Even if the smirk was frequently invisible behind a tough mouth. A mouth that was, in turn, protected from absolute inscrutability by a slight curling of the lip, toward a scowl or a smile.
Cards were rarely played closer to the chest, and it was as if Pran didn't need -- nay, didn't deign -- to let the hero or, indeed, the audience, into his head. Even while he stood in silence as the villain before the hero's inevitable triumph, Pran's smug menace was palpable, schemes and machinations whirring behind his eyebrows, the right one often raised a shade higher, in disdain.

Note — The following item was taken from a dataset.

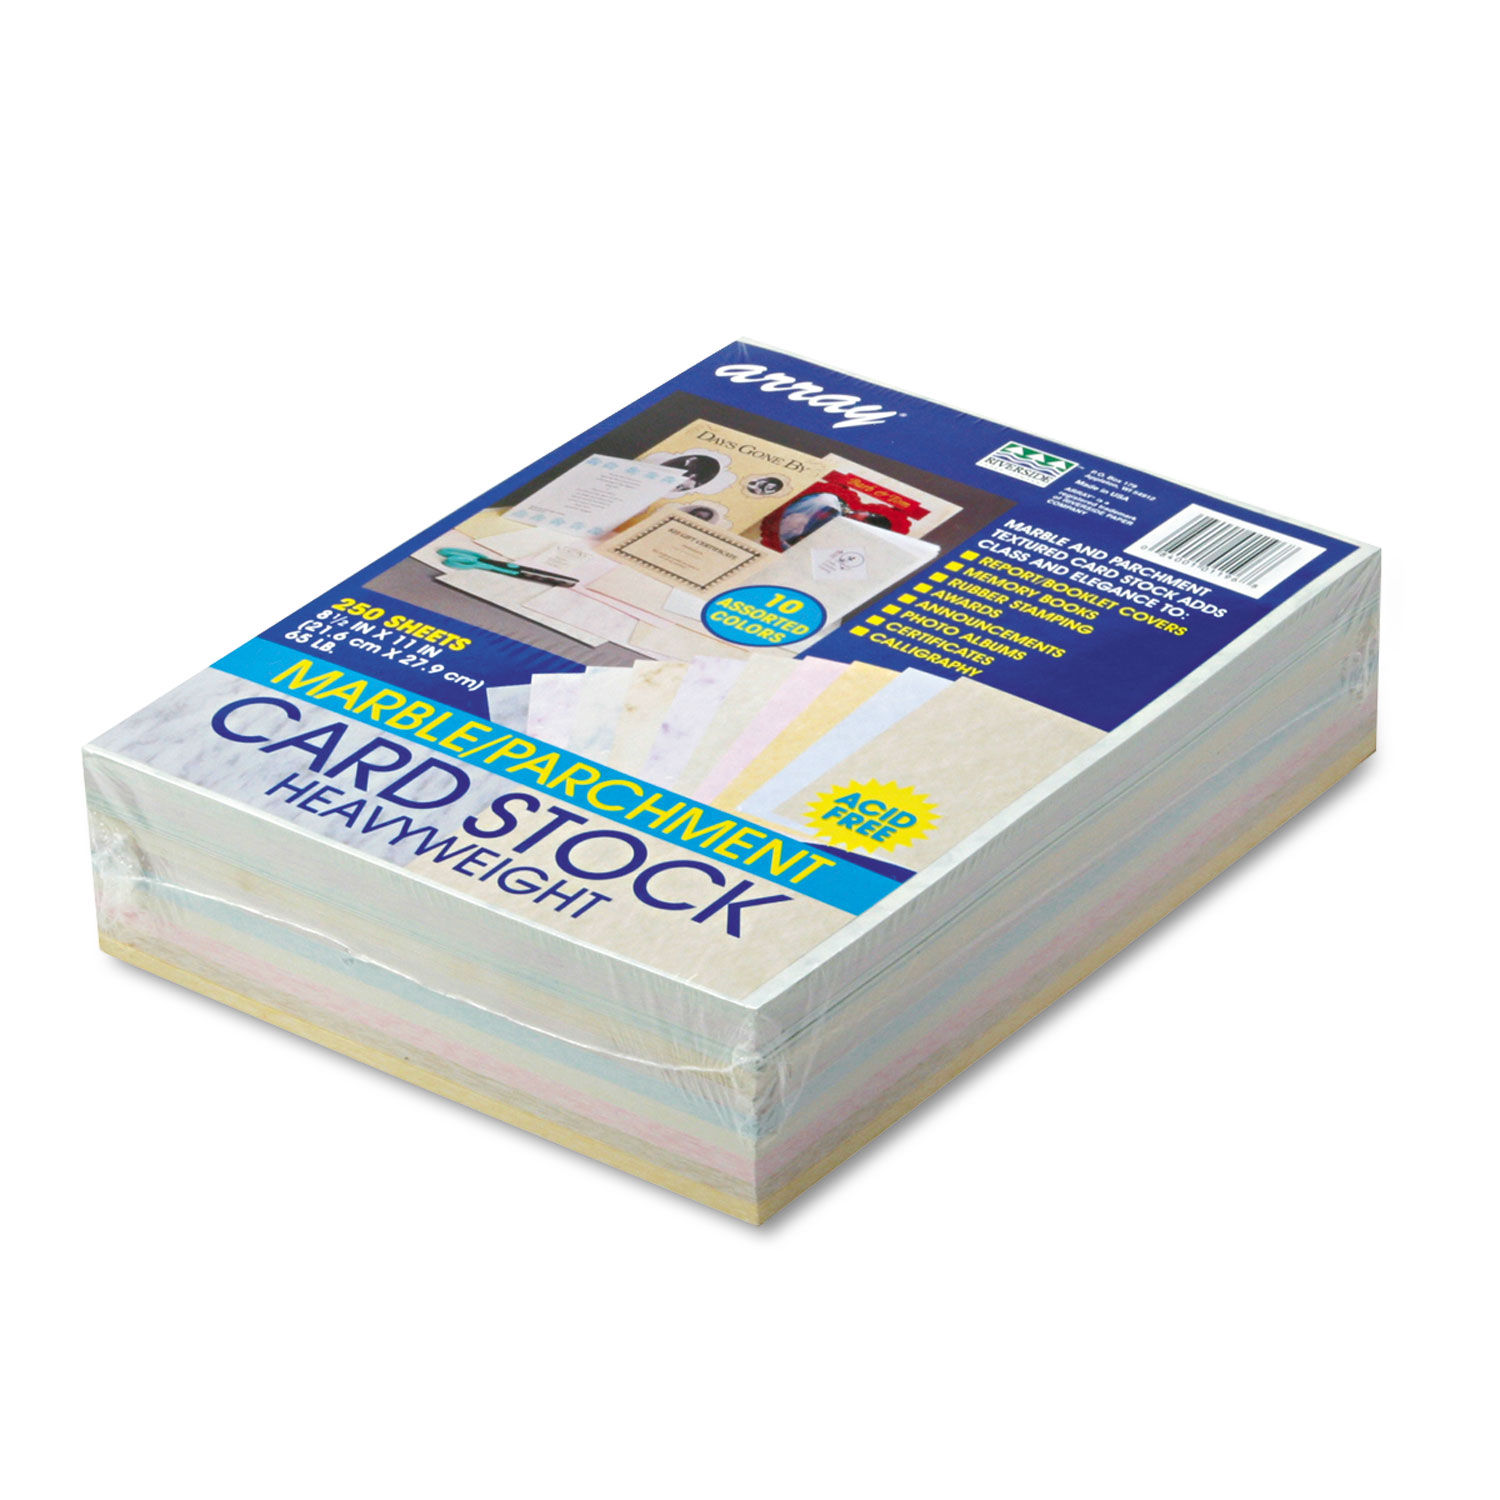 Hammermill Premium Color Copy Cover 80lb Cardstock, 8.5 x 11, 1 Pack, 250  Sh
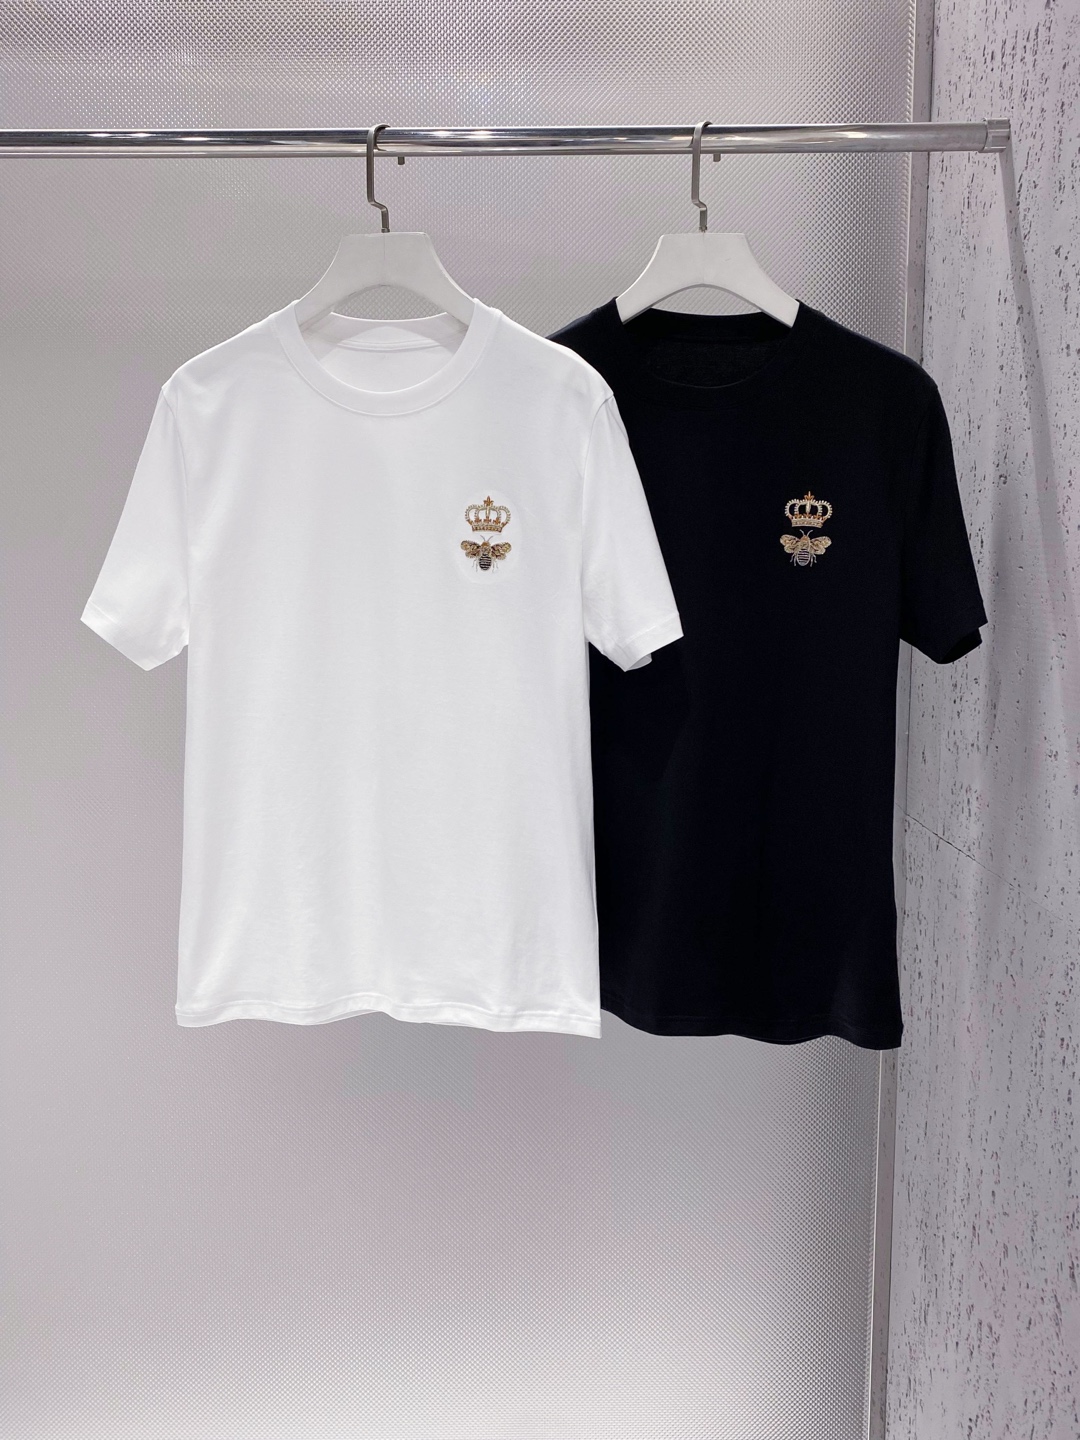 DG~皇冠蜜蜂刺绣圆领短袖T恤。二色集

The reason he made such a fearsome adversary for many a Bollywood good guy was, quite simply, the fact that Pran invariably seemed smarter, more calculating, more intelligent than the hero.
Frequently he also looked tougher, or, at the very least, scrappier and more resourceful, the sort of guy you'd want on your side when things got sticky.
Consider the evidence witnessed before the climactic showdown: on one hand is the hero who has yodellingly wooed his girl, had a few laughs and gotten several songs to pirouette through, and in the other corner is Pran, who's been through harder knocks and is, more often than not, the one grappling to prove himself against all odds.
In Hindi cinema, the hero and the underdog are two entirely different things.
Pran was neither. A hero he couldn't be, having established himself a villain of such notoriety that people refused to name their children Pran; the only other Pran around in pop-culture,
And while he could well have been an underdog -- the characters Pran played were usually more wronged than wrong, more desperate than diabolical -- he carried himself with such pride that it was impossible to consider him a loser.
At best, we thought the hero -- when walking away triumphant -- had gotten lucky.
My first memory of Pran involves a hideous wig and a relentlessly twirled keychain. The actor hammed it up quite spectacularly as Jasjeet in Chandra Barot's Don, but he held his own to Amitabh Bachchan and -- here was the crux -- Bachchan couldn't shut him up with kick or quip.
At that waist-high age of VHS-aided discovery, it was a mind-altering moment to realise that even Amitabh Bachchan, as superheroic as could be, had an on-screen equal. Someone who stood his ground and someone Bachchan couldn't easily defy.
More films were rented and watched, and since chronology was overruled by rental-store availability, Pran perplexingly popped up in contrasting situations: he was Bachchan's best friend one day, Bachchan's dad the next. But he was always, always important.
There have been many fantastic villains in our cinema -- from the glorious Gabbar to the sinister KN Singh to the loquacious Ajit to the best of them all, Amrish Puri -- but Pran was always more than that. He was a forgotten son, a disgraced heir, a spurned brother, a thwarted lover... Pran was, in sum, almost the hero.
And it was in being thus their equal that he had the measure of many a leading man.
Salaam, Pransaab.
May you find, up there, a horse-drawn carriage to ferry you around. The two hundred and thirtieth carriage, to be exact.